Commentary
INTRODUCTION
The directors of Blue Label Telecoms Limited (BLT) are proud to present the maiden reviewed
interim results for the six months ended 30 November 2007. The results have exceeded
expectations resulting in excellent growth and are above the financial forecasts for the period
under review.
On 14 November 2007, two weeks before the half year end, BLT successfully debuted in the
telecommunications sector on the Main Board of the JSE Limited, which took place subsequent
to its corporate restructure.
NATURE OF BUSINESS
BLT is a leading distributor of prepaid secure electronic tokens of value and transactional
services within emerging markets and has in excess of 150 000 global mobile and physical
points of presence covering South Africa, India, Mozambique and the Democratic Republic of
Congo.
BASIS OF PREPARATION
The condensed interim financial statements have been prepared in accordance with
International Accounting Standards (IAS) 34 Interim Financial Reporting. The accounting
policies and methods of computation are consistent with those used in the comparative
financial information for the six months ended 30 November 2006, (which were prepared in
accordance with International Financial Reporting Standards (IFRS) and the South African
Companies Act).
As a result of the Group’s restructuring, its comparatives have been restated using predecessor
accounting principles, a complex accounting treatment. The accounting principles applied result in
extensive restatement of comparatives. Shareholders are therefore advised to exercise caution
and should read the interim results as reported, in conjunction with BLT’s pre-listing statement,
when attempting to make year on year comparisons.
FINANCIAL REVIEW
Overview
The Group’s reported results for the six month period ended 30 November 2007 show actual
Group revenue of R5.8 billion, EBITDA of R110.4 million, profit from core operations of
R85 million and a net profit of R40.7 million (R14.4 million of which is attributable to equity
holders).
The Group incurred once off expenses, net of tax, of R65.8 million relating to the management
bonus settlement and the termination of a commission agreement, as expounded upon in the
pre-listing statement. In addition, amortisation of intangible assets of R6.9 million arose as a
consequence of the purchase price allocations calculated in terms of IFRS 3: Business
Combinations.
The BLT Board believe that core earnings is a more appropriate measure of Group operating
performance since it adjusts for non-recurring and non-operational items. Headline earnings
per share for the half year were 3.79 cents and core headline earnings per share were
20.55 cents.
The pro forma results have been prepared to show the impact of the restructuring and listing
on the BLT actual results for the half year ended 30 November 2007. It is important to note
that these results assume that the listing, restructuring and minority acquisitions took place
on 1 June 2007. As a result, most associates are now consolidated as subsidiaries for the full
six months. Similarly most subsidiaries are consolidated as wholly owned for the full six
months. The pro forma results assume cash raised on listing was received on 1 June 2007,
impacting positively on finance income and similarly finance expenses.
Income statement
The net profit before tax and interest is after the deduction of the non-recurring management
bonus settlement of R80 million, and the cancellation of the commission contract of R9 million
both mentioned above.
Net interest paid of R17 million originally budgeted for did not materialise due to predecessor
accounting principles. In terms of these principles the shareholders’ loans and non-core
receivables assets are assumed to be settled on 1 June 2006.

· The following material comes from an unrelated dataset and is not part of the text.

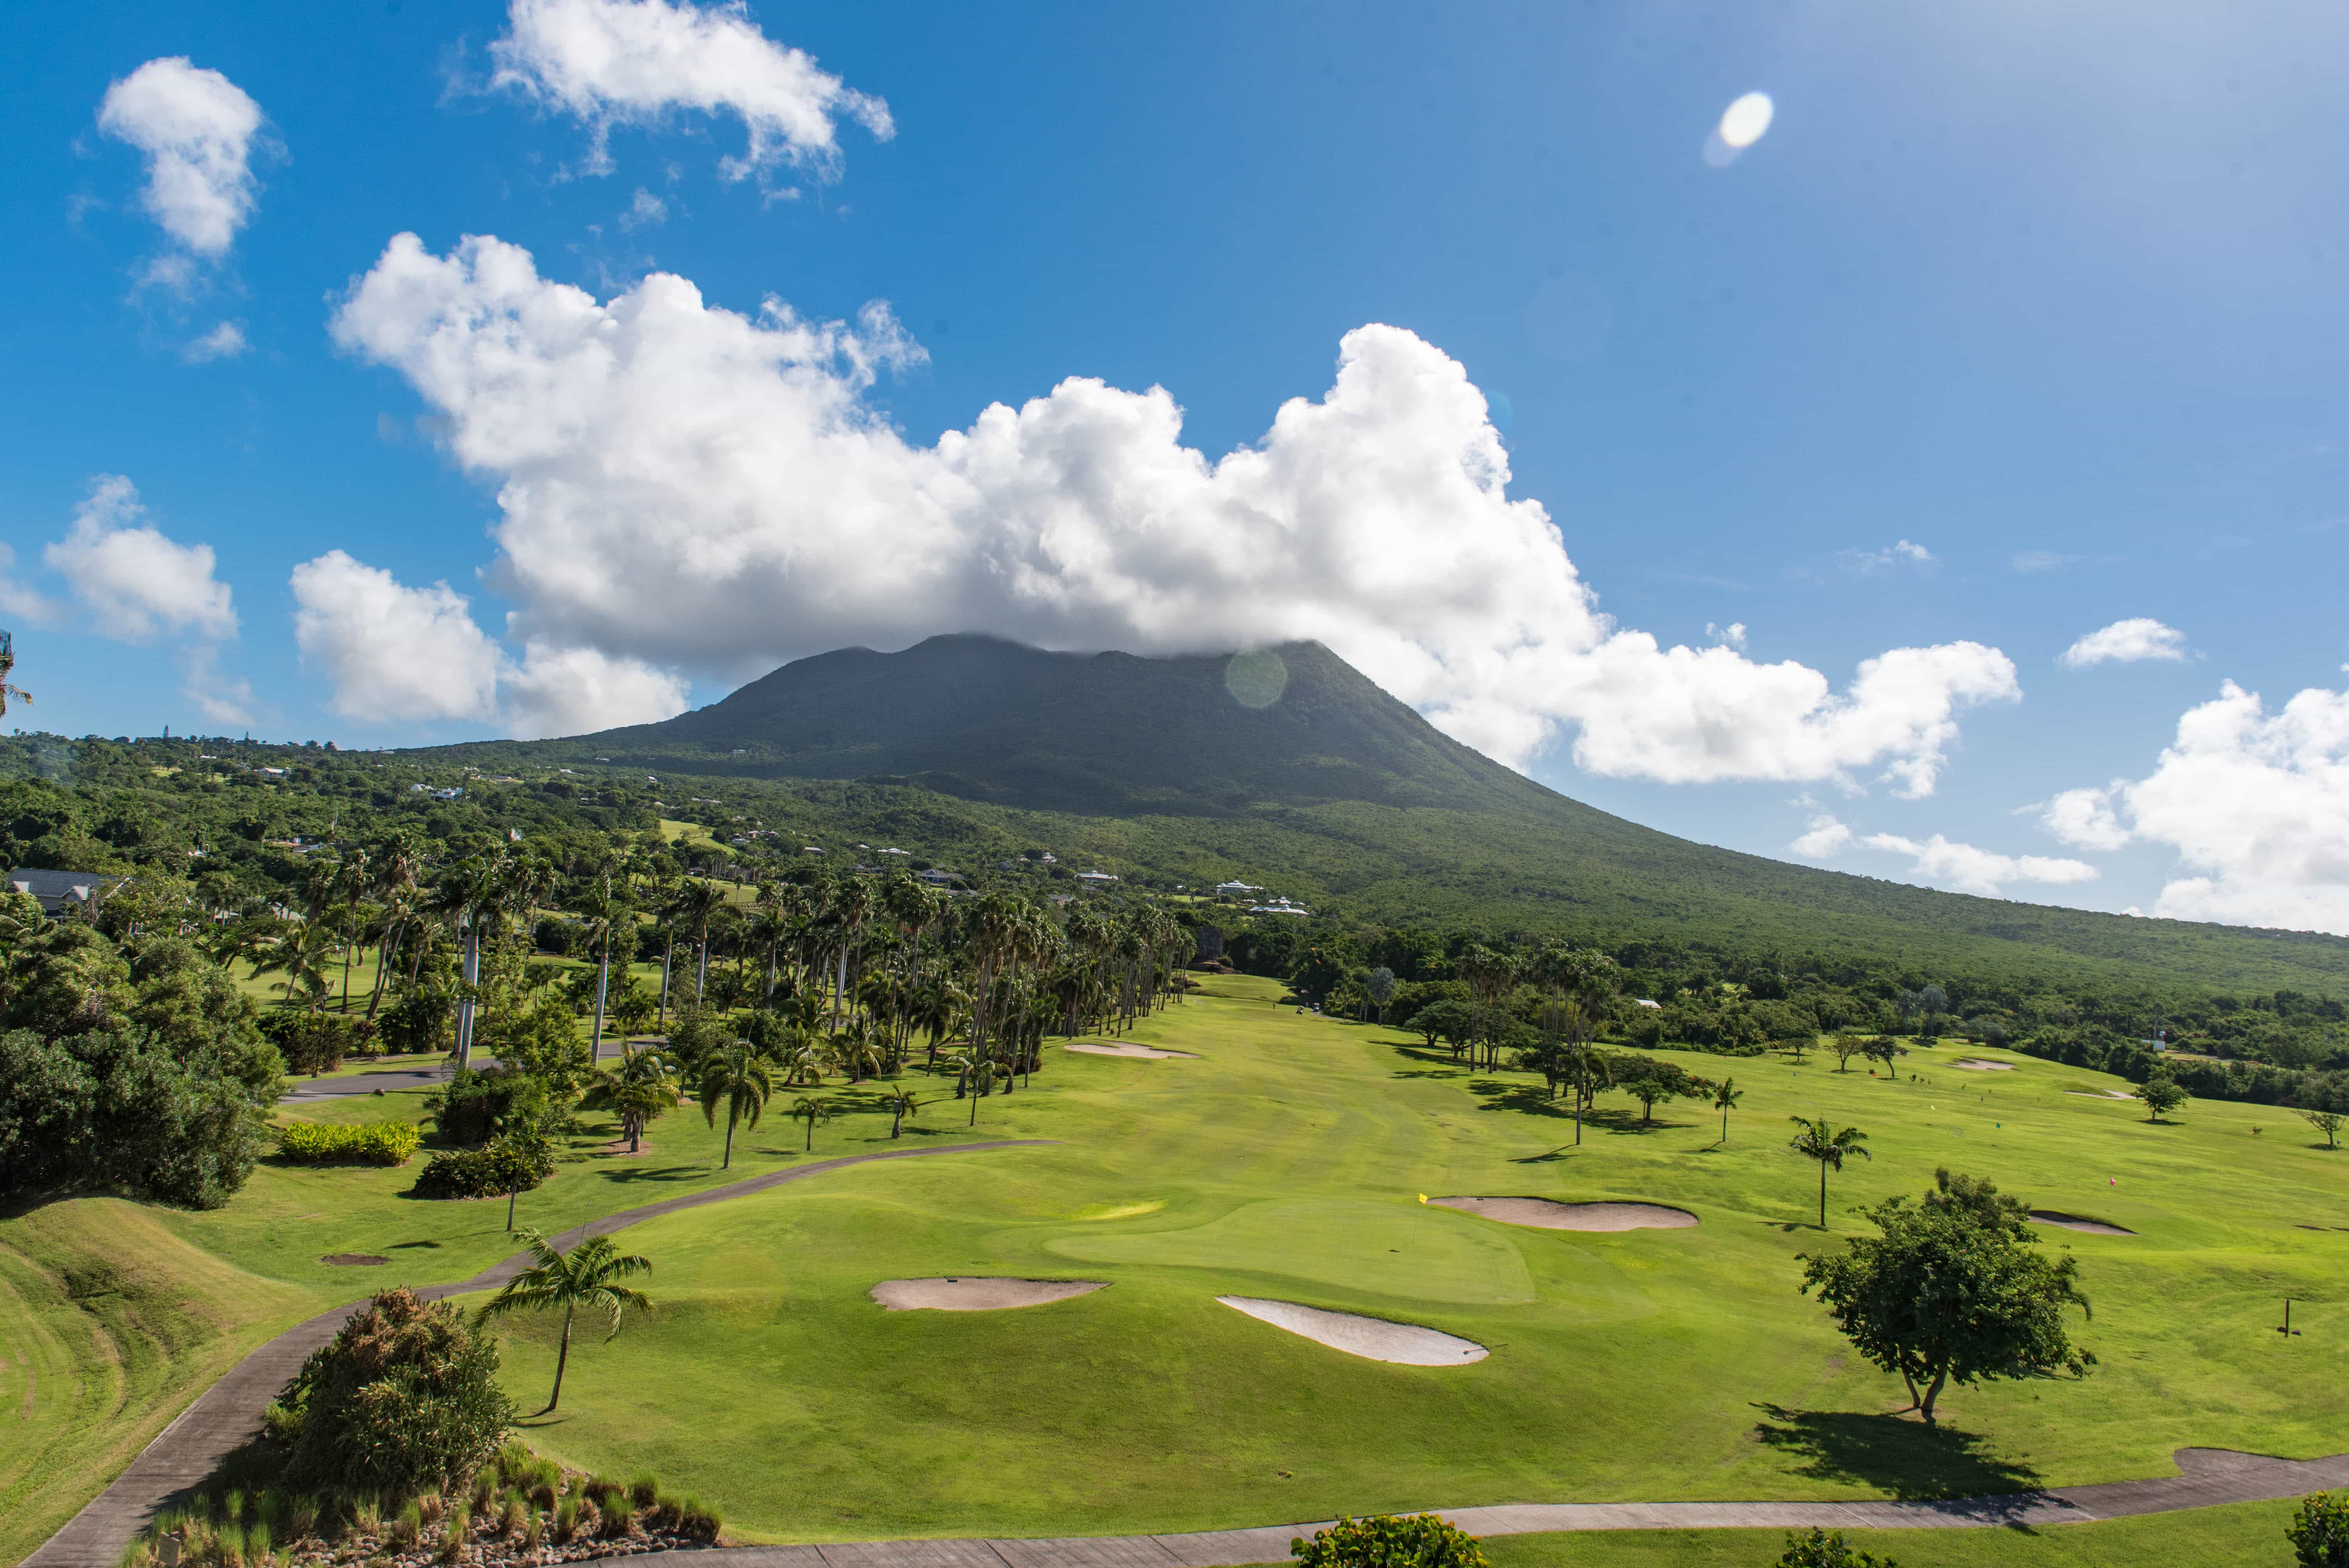 If golf is your thing, how about playing in the shadow of this volcano?
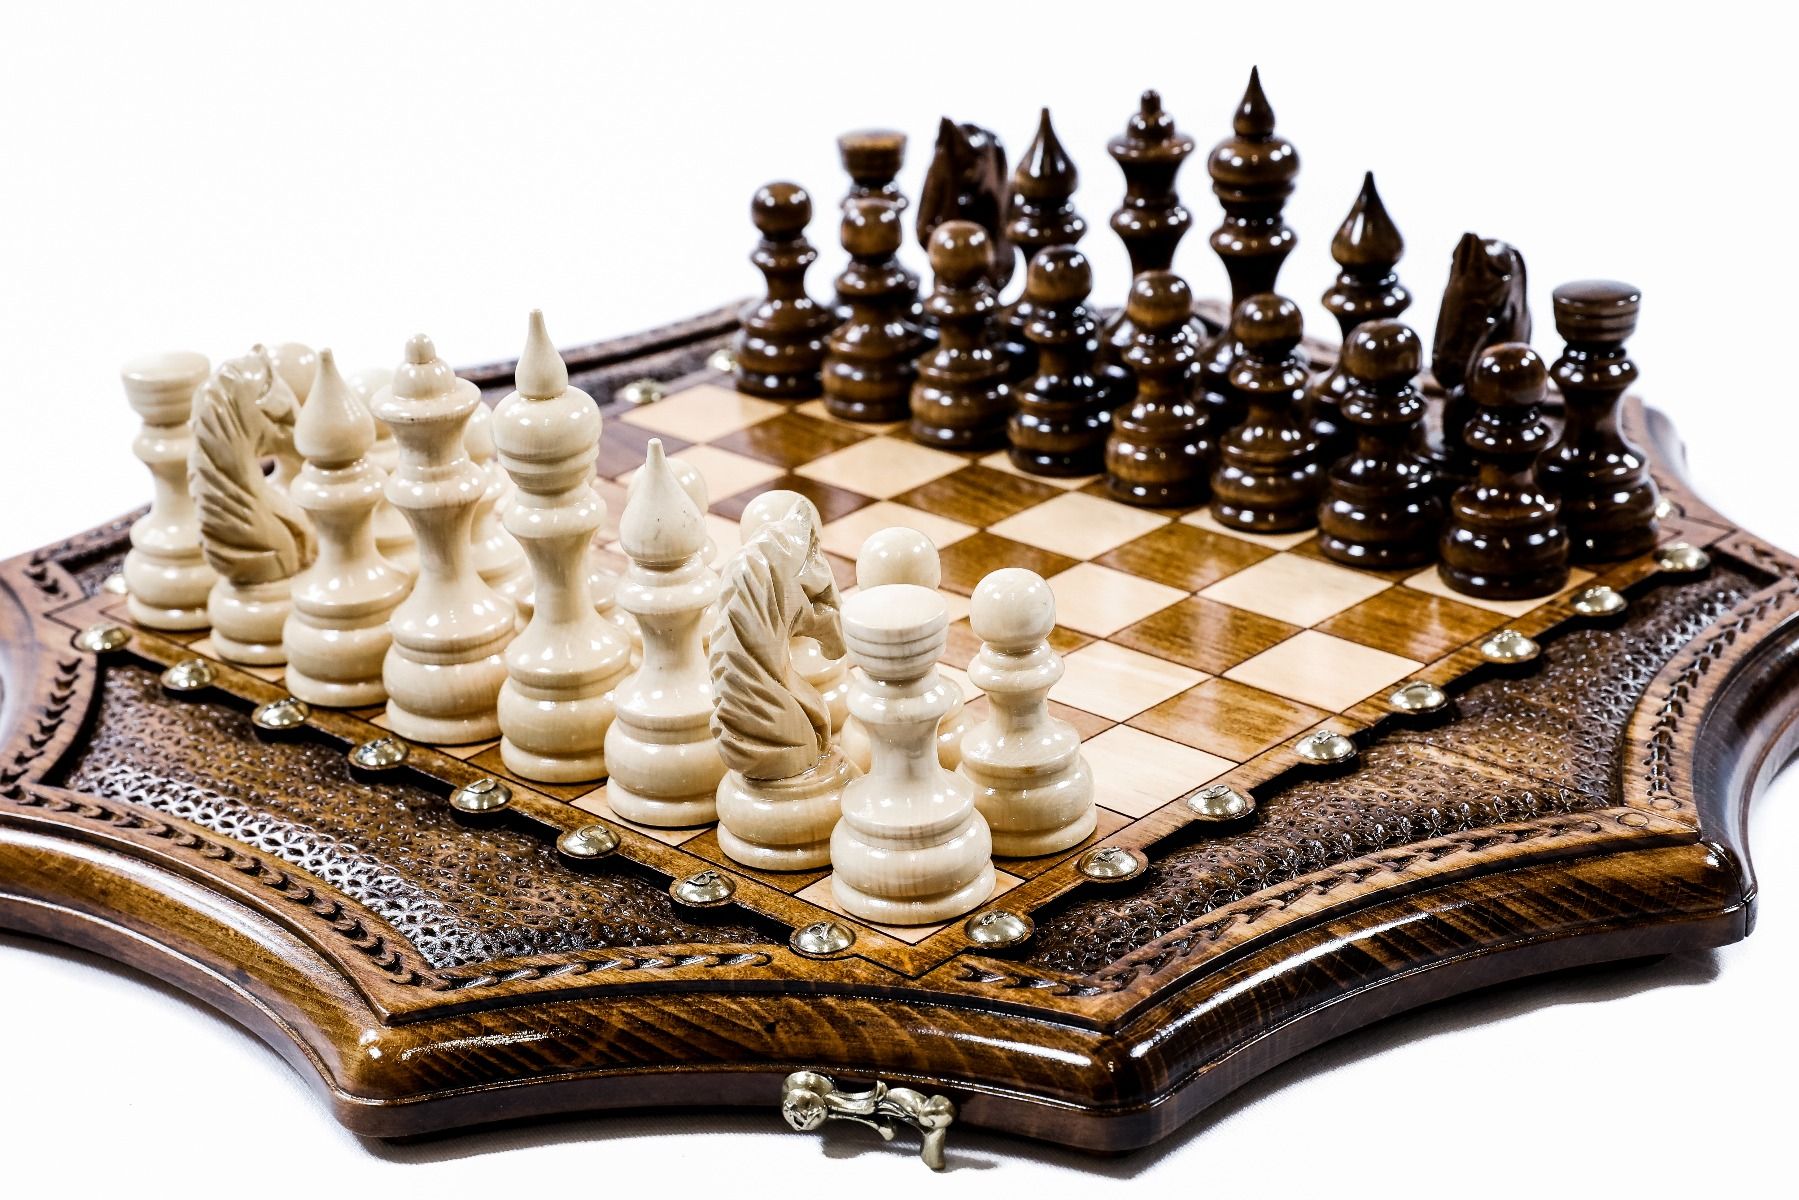 Dive into the world of luxury chess with a set that combines classic strategy with unique, artisanal craftsmanship and sophisticated design.

The Group’s overall effective tax rate for the period is 37%. This is as a result of certain nondeductible
expenses.
Dividends
One of the subsidiary companies declared a dividend, of which R1 million has accrued to the
minority shareholder (49.9%).
As per the Group’s dividend policy, disclosed in its pre-listing statement, BLT will only consider
paying a dividend from the financial year commencing 1 June 2010.
Balance sheet
The Group’s successful listing resulted in the raising of cash totalling R1.3 billion. Of this
R570 million was utilised to repay the majority of the Group’s borrowings and R184 million was
paid for the acquisition of minority interests in key subsidiaries.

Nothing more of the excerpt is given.